フジツボ亜綱完胸目ミョウガガイ科
亀の手、Japanese goose barnacle
生息域:本州以南
旬時期:5月~8月
調理法:味噌汁、蒸し煮

カメノテ

基本情報

貝のように見えるが甲殻類の一種。殻をむいた身は、エビと貝を合わせたような濃厚な旨みを持ち、味噌汁の具や酒蒸しにして美味。もともと磯などで採取されて土地で消費されていたが、近年になって市場に流通するようになった。スペイン語では「ペルセベス」と呼ばれる高級食材。

名前の由来

外形が亀の手に似ていることに由来する。地方名にセイ、セイ貝、タカノツメなどがある。スペイン語では「ペルセベス」と呼ばれ、高級食材とされる。

特徴

全長3~4cm程度だが、7cm前後になるものもある。
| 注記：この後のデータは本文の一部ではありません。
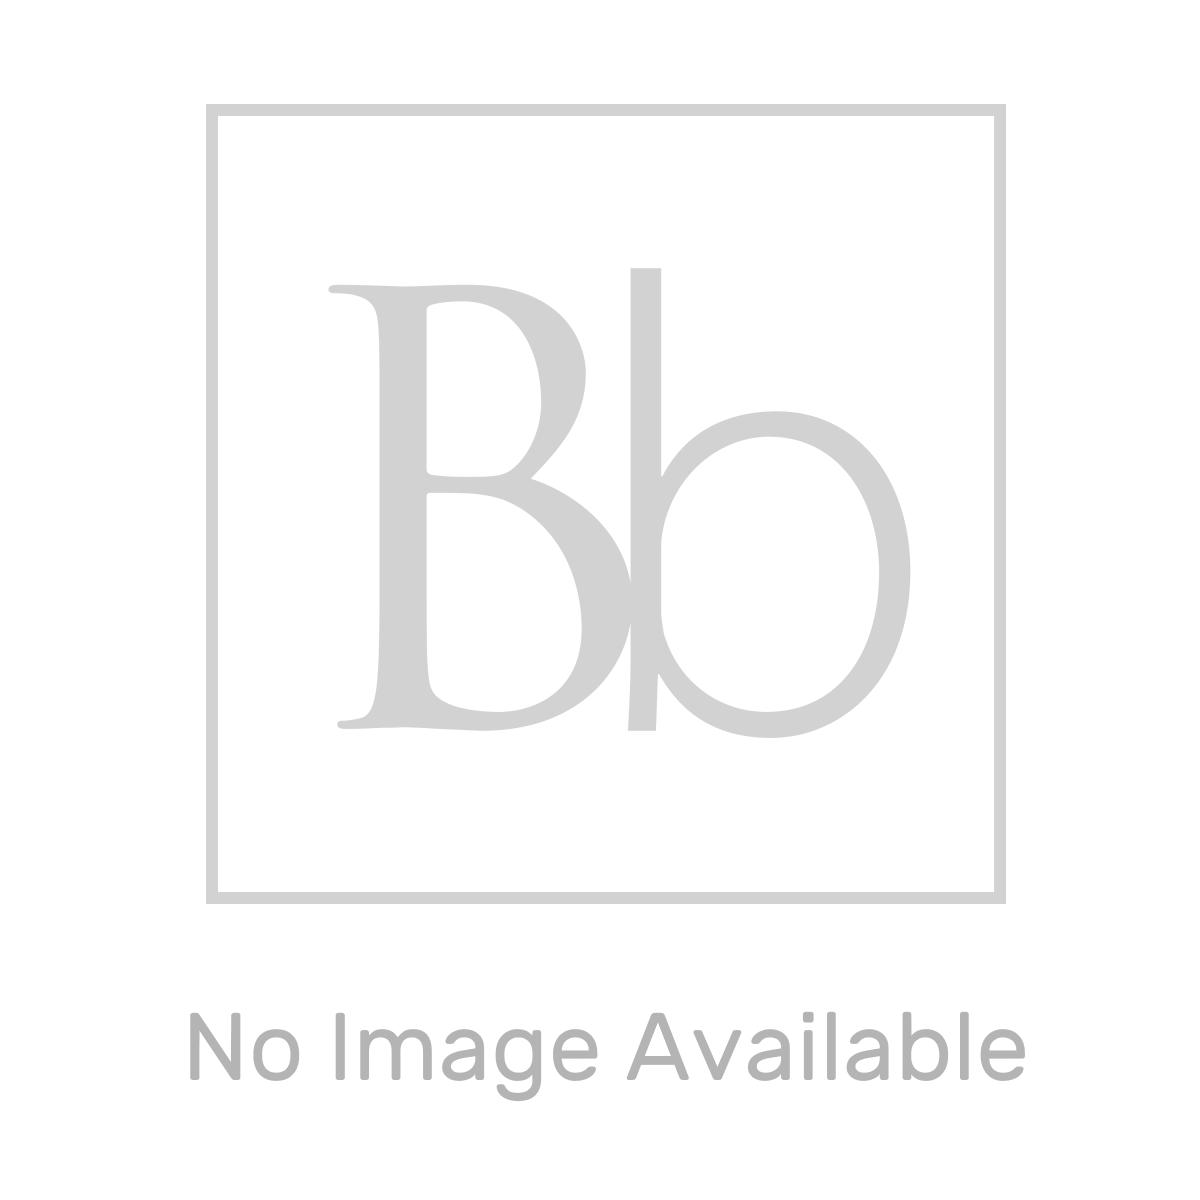 Stuart Turner 46553 CH 4-30 Centrifugal Multistage 2.5 Bar Pump Back

石灰質の殻をもつ岩礁海岸の固着動物。頭状部と柄部に分かれ、頭状部は殻板と呼ばれる大小の硬い殻が並ぶ。先端側の4対は先端が尖った爪状の三角形で、外側に小さな三角形が環状に18~28個並ぶ。柄部の表面は鱗状の外壁を持つ。これらの殻を楯板・背板・峰板という。北海道南西部からマレー諸島にかけて分布し、潮間帯岩礁の割れ目に群れて生息する雌雄同体だが、他個体と交尾を行う。孵化後、幼生はプランクトンを捕食し、成長すると変態して岩などに付着し、蔓脚を広げて餌を捕食する。

食材情報

もともと磯で手軽に獲れるため、各地で食用となっているが、近年になってから一般に市場に流通するようになった。殻をむいて身と脚の部分を食用にする。エビと貝を合わせたような濃厚な旨みがある。味噌汁にすると美味。日本酒やワインで酒蒸しにしても良い。愛媛県など西日本で塩茹でにして食べる。スペインでは「ペルセベス」と呼ばれる高級食材。旨み成分であるコハク酸に富む。

市場での評価

入荷量は多くはないが、珍しいものではない。値段はやや高値で安定している。産地は四国・九州など西日本が多い。

漁獲法

岩場などで採取される。港や磯、テトラポットの合間などにぎっしりと固着している。